[TASK OBJECTIVE] Please repeat each line below exactly, with no images in the copy.

[EXERCISE DATA]

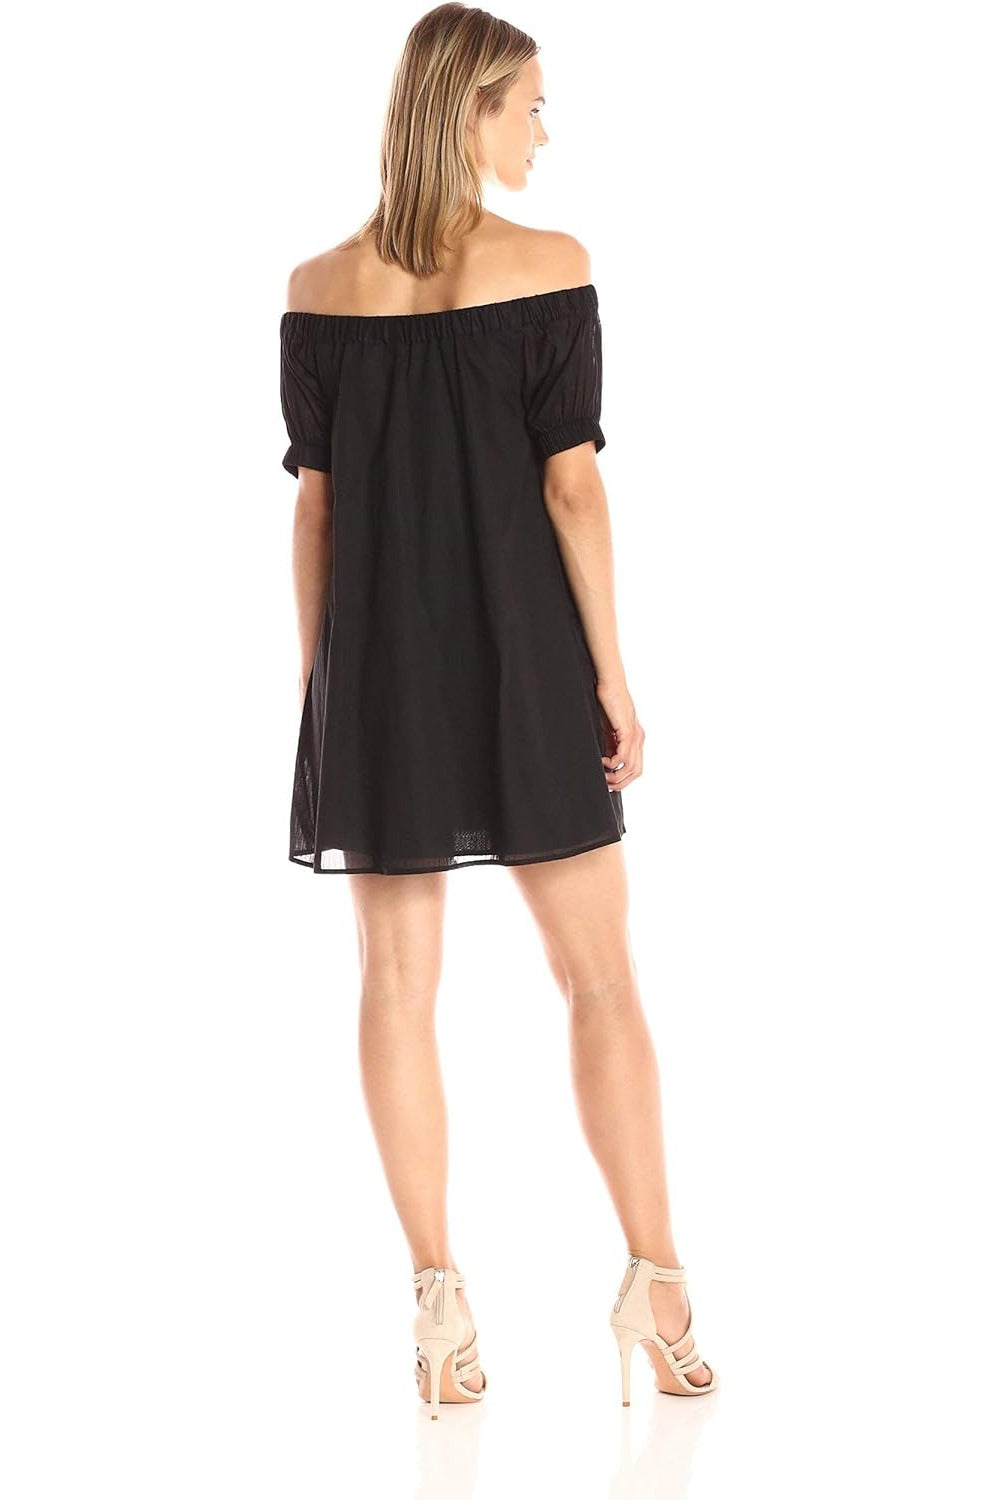 The Fifth Label Women's Sun Valley Off Shoulder Dress, Black
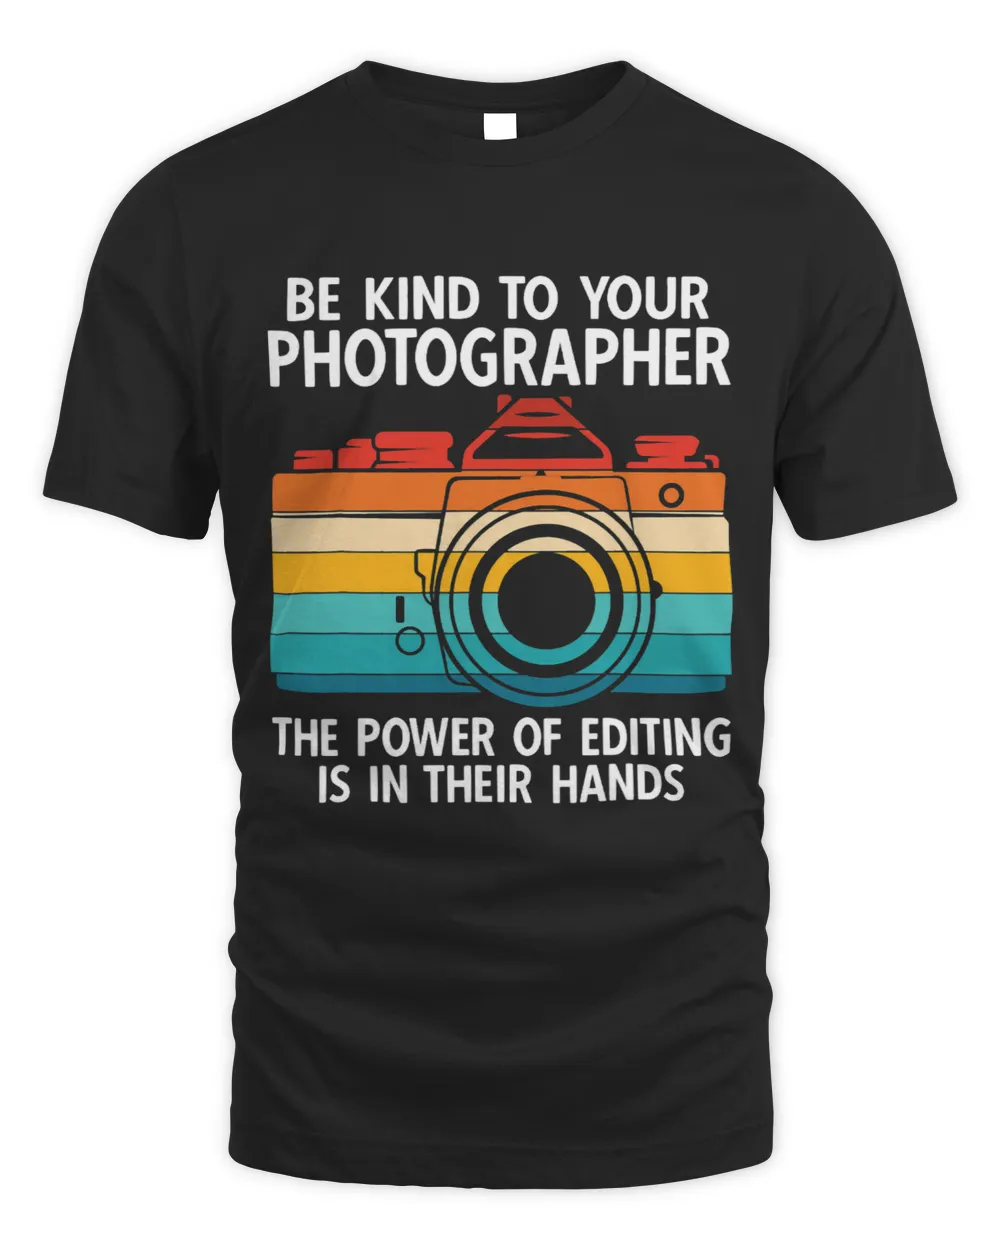 Photographist Photographer 28
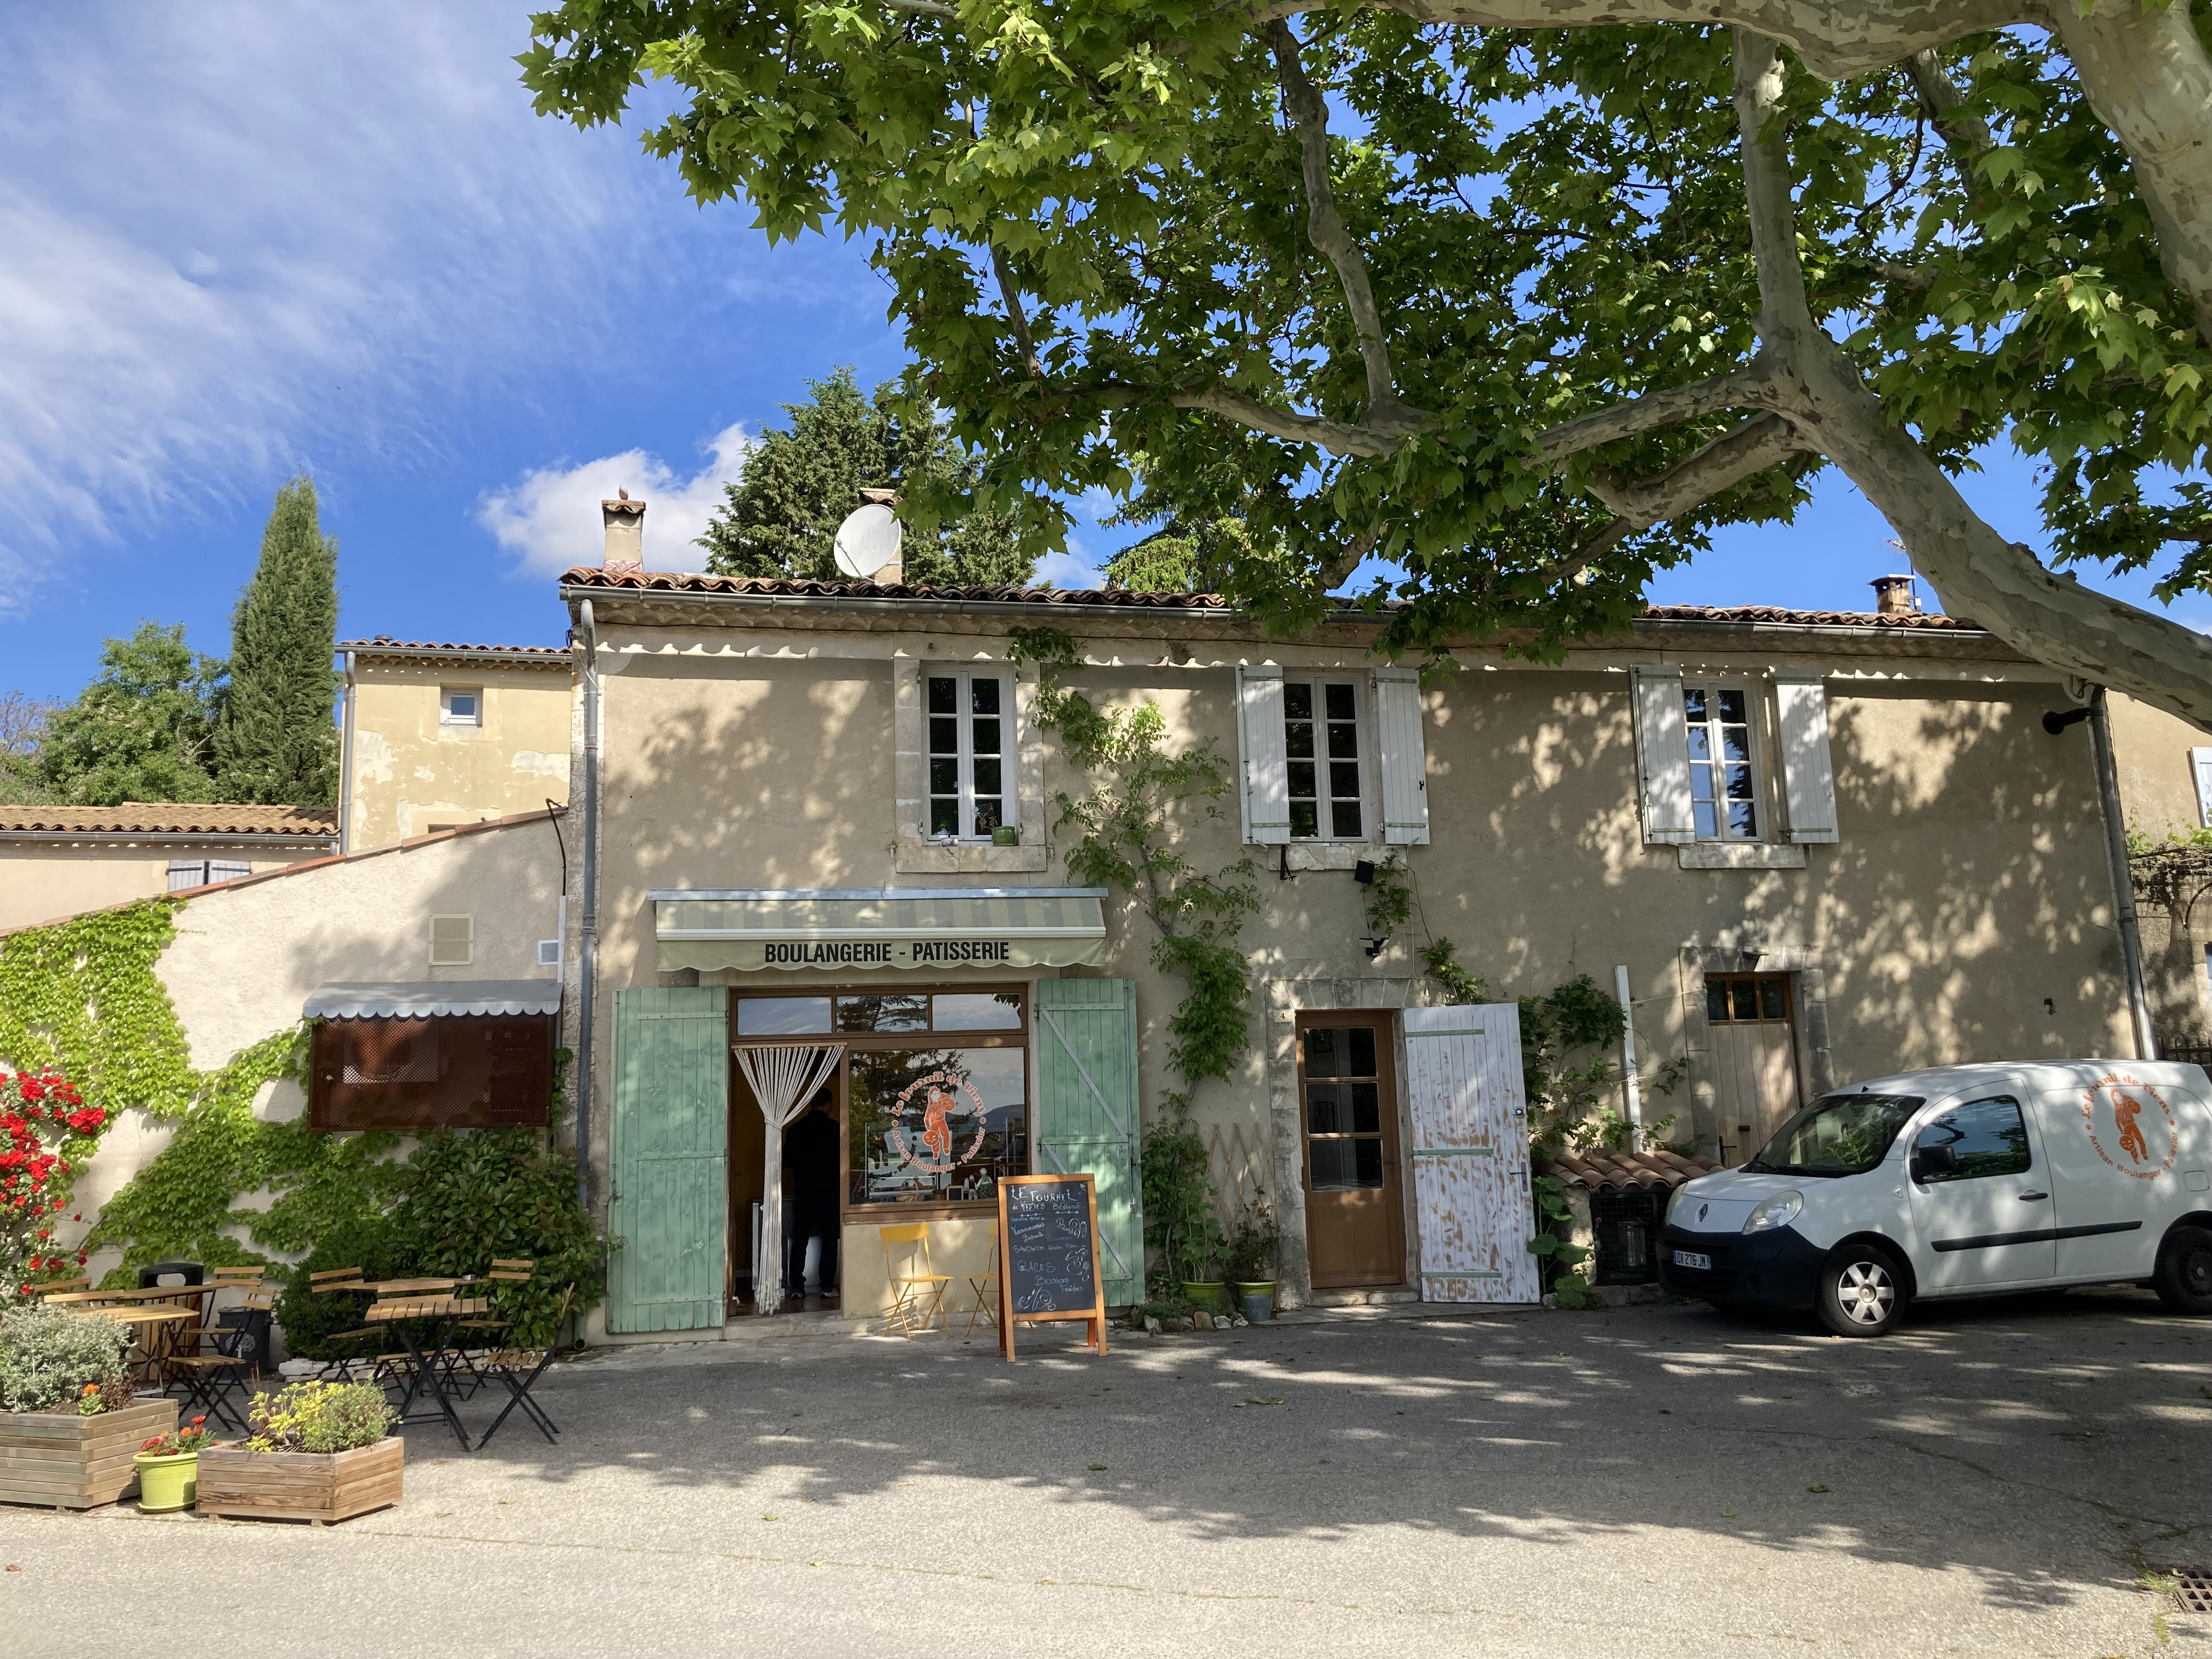 Boulangerie - Pâtisserie Village Luberon

[ANSWER TO THE EXERCISE]
 The Fifth Label Women's Sun Valley Off Shoulder Dress, Black
 Photographist Photographer 28
 Boulangerie - Pâtisserie Village Luberon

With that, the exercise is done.